Import all the necessary libraries & functions

In [1]:
import numpy as np
import pandas as pd
import matplotlib.pyplot as plt 
import seaborn as sns
from sklearn.svm import SVC
from sklearn.ensemble import RandomForestClassifier
from sklearn.neighbors import KNeighborsClassifier
from sklearn.model_selection import train_test_split, cross_val_score
from sklearn.metrics import accuracy_score, recall_score, precision_score, classification_report, confusion_matrix
from sklearn.model_selection import GridSearchCV
from sklearn.preprocessing import StandardScaler
from load_data import load_data


print('All the libraries are imported correctly.')

All the libraries are imported correctly.


Preprocess all the data from the first dataset and then split it into training and test datasets.

In [2]:
X, Y = load_data('data/dataset2.csv')

X_train, X_test, y_train, y_test = train_test_split(X, Y, test_size=0.3, random_state=42)

scaler = StandardScaler()

# Data standardization
X_train = scaler.fit_transform(X_train)
X_test = scaler.transform(X_test)

data/dataset2.csv


Initialize and fit the data to the Random Forest model

In [3]:
random_forest_model = RandomForestClassifier()  
random_forest_model.fit(X_train, y_train)

# Make predictions on the test set
y_forest_pred = random_forest_model.predict(X_test)

Initialize and fit the data to the K-N Neighbors model

In [4]:
kn_neighbors_model = KNeighborsClassifier(n_neighbors=19)   
kn_neighbors_model.fit(X_train, y_train)

# Make predictions on the test set
y_knn_pred = kn_neighbors_model.predict(X_test)

Run Grid Search in order to find the best hyper-parameter for the K-N Neighbors model

In [5]:
grid_search_classification = GridSearchCV(kn_neighbors_model,
                           {
                                'n_neighbors': np.arange(1, 21)
                            },cv=5, scoring="accuracy",verbose=1,n_jobs=-1 #use all processors
)

grid_search_classification.fit(X,Y)

# Find out the best parameters for the classifier
print("Best classification hyper-parameters: %r" %grid_search_classification.best_params_)
print("Best accuracy: %.1f" %grid_search_classification.best_score_)

AttributeError: 'GridSearchCV' object has no attribute 'best_params_'

Initialize and fit the data to the SVM model with rbf kernel

In [None]:
svm_rbf_kernel_model = SVC(kernel='rbf', C=1)  
svm_rbf_kernel_model.fit(X_train, y_train)

# Make predictions on the test set
y_rbf_pred = svm_rbf_kernel_model.predict(X_test)

Verify the accuracy of the model by using cross validation

In [None]:
random_forest_model_scores = cross_val_score(random_forest_model, X, Y, cv=5, scoring='accuracy')
kn_neighbors_model_scores = cross_val_score(kn_neighbors_model, X, Y, cv=5, scoring='accuracy')
svm_rbf_kernel_model_scores = cross_val_score(svm_rbf_kernel_model, X, Y, cv=5, scoring='accuracy')

# Print the cross-validation scores for each fold
print("Random Forest Model Cross-Validation Scores:", random_forest_model_scores)
print("K Neighbors Model Cross-Validation Scores:", kn_neighbors_model_scores)
print("Rbf kernel Cross-Validation Scores:", svm_rbf_kernel_model_scores)

print('\n')

# Calculate and print the mean and standard deviation of the scores
print("Random Forest Model Standard Deviation:", random_forest_model_scores.std(), " vs.

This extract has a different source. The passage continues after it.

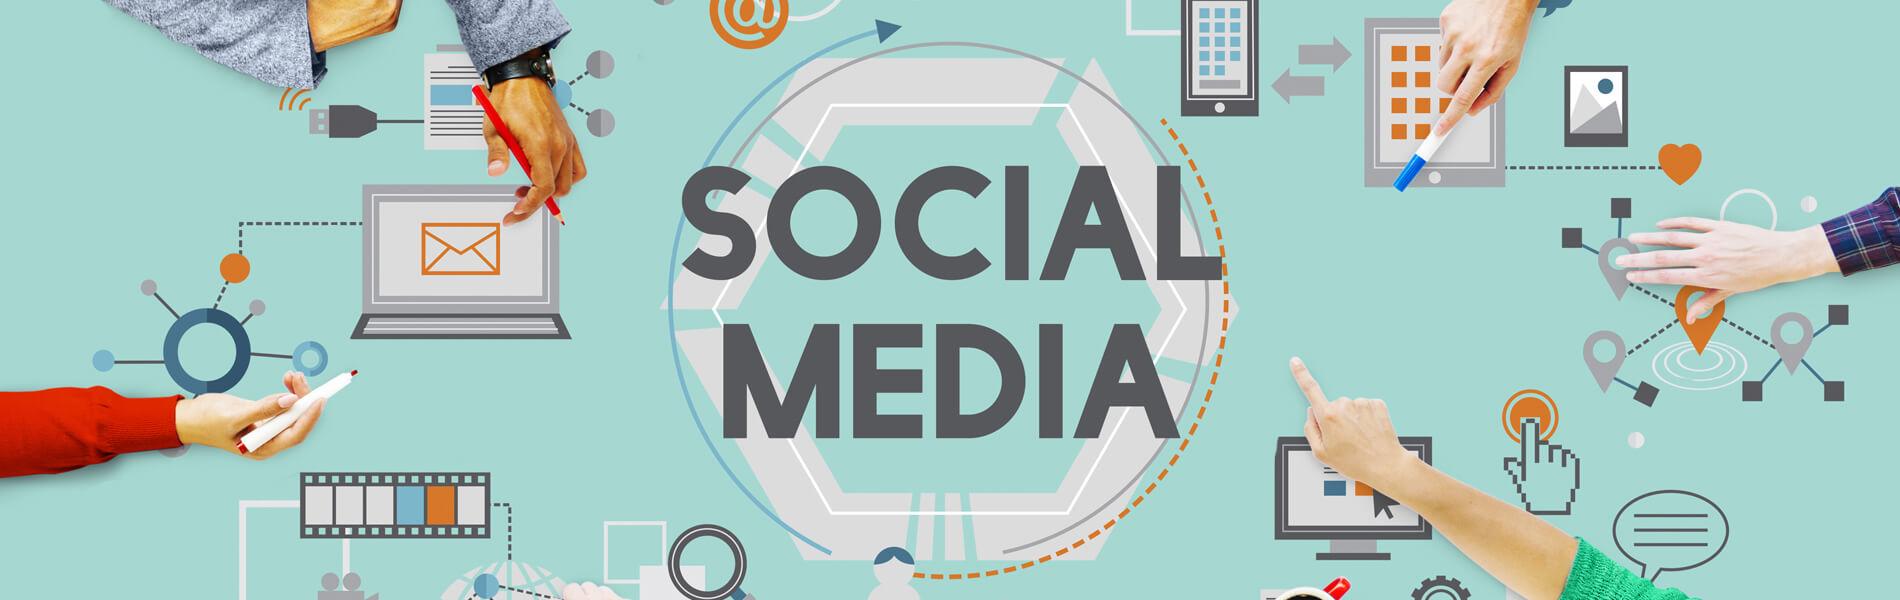 Umfrage zu Social Media in Unternehmen: Wie profitieren Unternehmen von Sozialen Netzwerken?

K Neighbors Model Standard Deviation:", kn_neighbors_model_scores.std() ," vs. Rbf kernel Standard Deviation: ", svm_rbf_kernel_model_scores.std())
print("Random Forest Model Mean Accuracy: ", random_forest_model_scores.mean(), " vs. K Neighbors Model Mean Accuracy:", kn_neighbors_model_scores.mean(), " vs. Rbf kernel Mean Accuracy: ", svm_rbf_kernel_model_scores.mean())


Report the accuracy of the model 

In [None]:
random_forest_accuracy = accuracy_score(y_test, y_forest_pred)
random_forest_recall =  recall_score(y_test, y_forest_pred, average='micro')
random_forest_precision =  precision_score(y_test, y_forest_pred, average='micro')
random_forest_report = classification_report(y_test, y_forest_pred)

kn_neighbors_accuracy = accuracy_score(y_test, y_knn_pred)
kn_neighbors_recall = recall_score(y_test, y_knn_pred, average='micro')
kn_neighbors_precision = precision_score(y_test, y_knn_pred, average='micro')
kn_neighbors_report = classification_report(y_test, y_knn_pred)

rbf_k_accuracy = accuracy_score(y_test, y_rbf_pred)
rbf_k_recall = recall_score(y_test, y_rbf_pred, average='micro')
rbf_k_precision = precision_score(y_test, y_rbf_pred, average='micro')
rbf_k_report = classification_report(y_test, y_rbf_pred)

print("Random Forest Model Accuracy:", random_forest_accuracy, " vs. K Neighbors Model Accuracy: ", kn_neighbors_accuracy, " vs. Rbf Kernel Accuracy: ", rbf_k_accuracy)
print("Random Forest Model Recall:", random_forest_recall, " vs. K Neighbors Model Recall: ", kn_neighbors_recall, " vs. Rbf Kernel Recall: ", rbf_k_recall)
print("Random Forest Model Precision:", random_forest_precision, " vs. K Neighbors Model Precision: ", kn_neighbors_precision, " vs. Rbf Kernel Precision: ", rbf_k_precision)

# Report section
print("Random Forest Model Classification Report:\n", random_forest_report)
print("K Neighbors Model Classification Report:\n", kn_neighbors_report)
print("Rbf Kernel Classification Report:\n", rbf_k_report)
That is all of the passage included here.